Out of nowhere she’d picked up a wife, like finding gold in the dust—total win. Who could possibly take advantage of her? No way—stone-set, absolutely no way.

"So when do we head out?" Lilith asked, heartbeat steady as a drum. "Morris is a tangled skein; staying only jams the wheels."

Elasha said, "Don’t put it that way; you’re a benefactor to the Vampires." She bowed like a willow. "But Morris is spent, lanterns dim for hosting."

"If you stay a few more days, fine," she added, voice tired as dusk. "We just can’t treat you right. The next two months will be a storm."

"No worries. In a few days, once Abaddon’s recovered, we’ll set out. Don’t trouble yourself." Lilith shook her head, calm as moonlight.

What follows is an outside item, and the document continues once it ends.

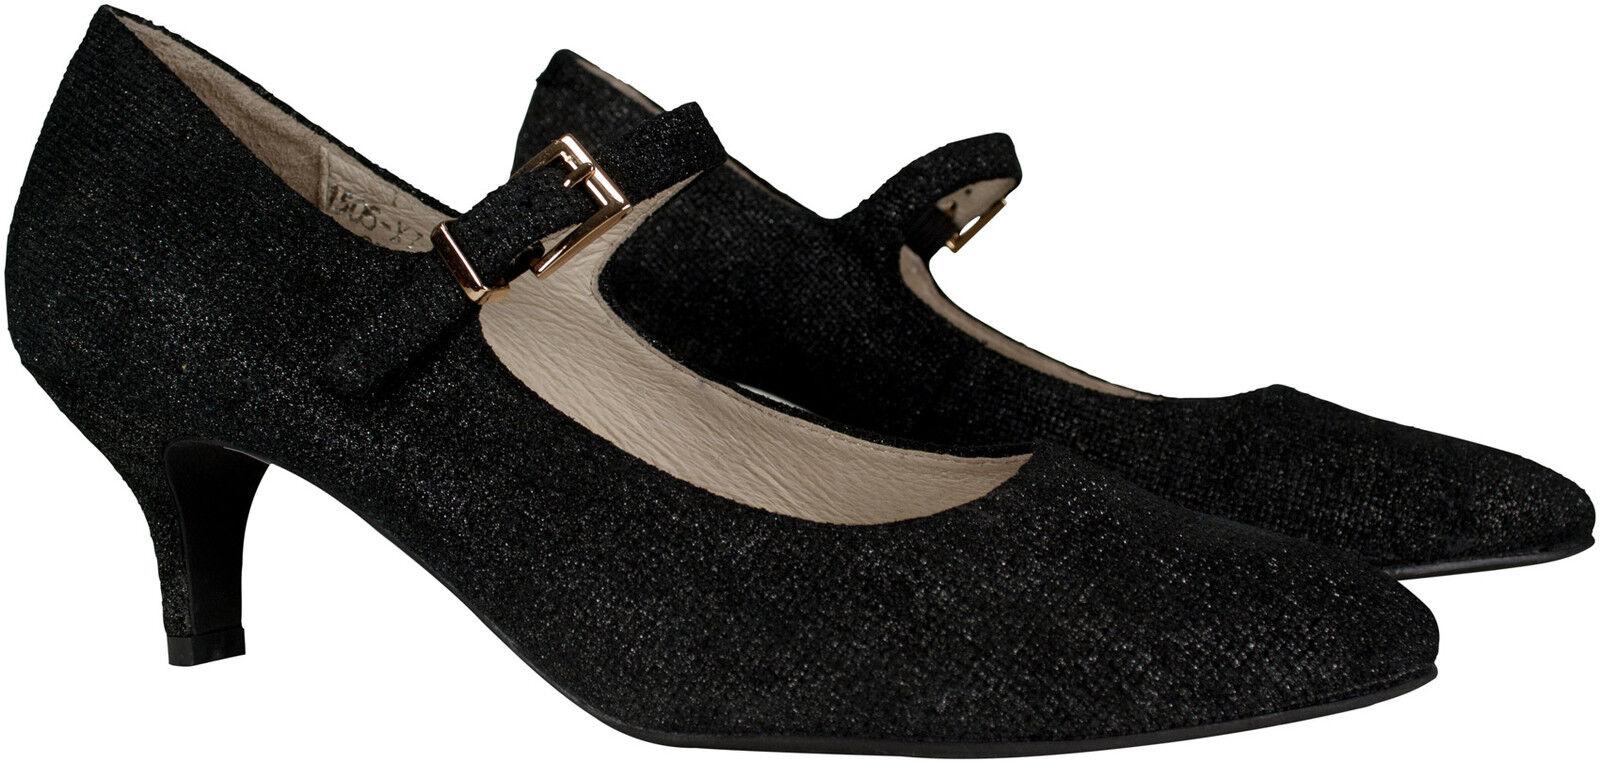 Bride Escarpins Noir Metallic Chèvres Cuir kitten heels collection Raide taille 37

"For these days, leave us be," she said, words like a spring wind. "Morris’s Vampires matter far more than we do."

Lilith lifted her gaze to Elasha’s office ceiling, cut open like a skylight. Noon lay above—blue and white silk with a blazing coin of sun. It was a vista Morris had parted from for two millennia, like a lover lost beyond the horizon.

"See? Vampires have the right to bathe in sunlight too." Lilith reached out, catching a spilled thread of light. "More than us, you should let everyone in Morris step outside," she said, words like a spring wind. "See the sun they’ve never seen. See blue sky, white cloud. See the world."

"A thousand years of hardship has ended," Lilith said, smile cupped like a crescent. "The Vampires dodged premature doom; it’s time to embrace new life." She looked at Elasha with a gentleness like spring water.

The Vampires had hidden in night for too long—far too long. So long the sun’s blaze became a forgotten story. So long they only dared to curl inside the dark like moths. Night is gentle, yes. But now they should see what shines under the sun.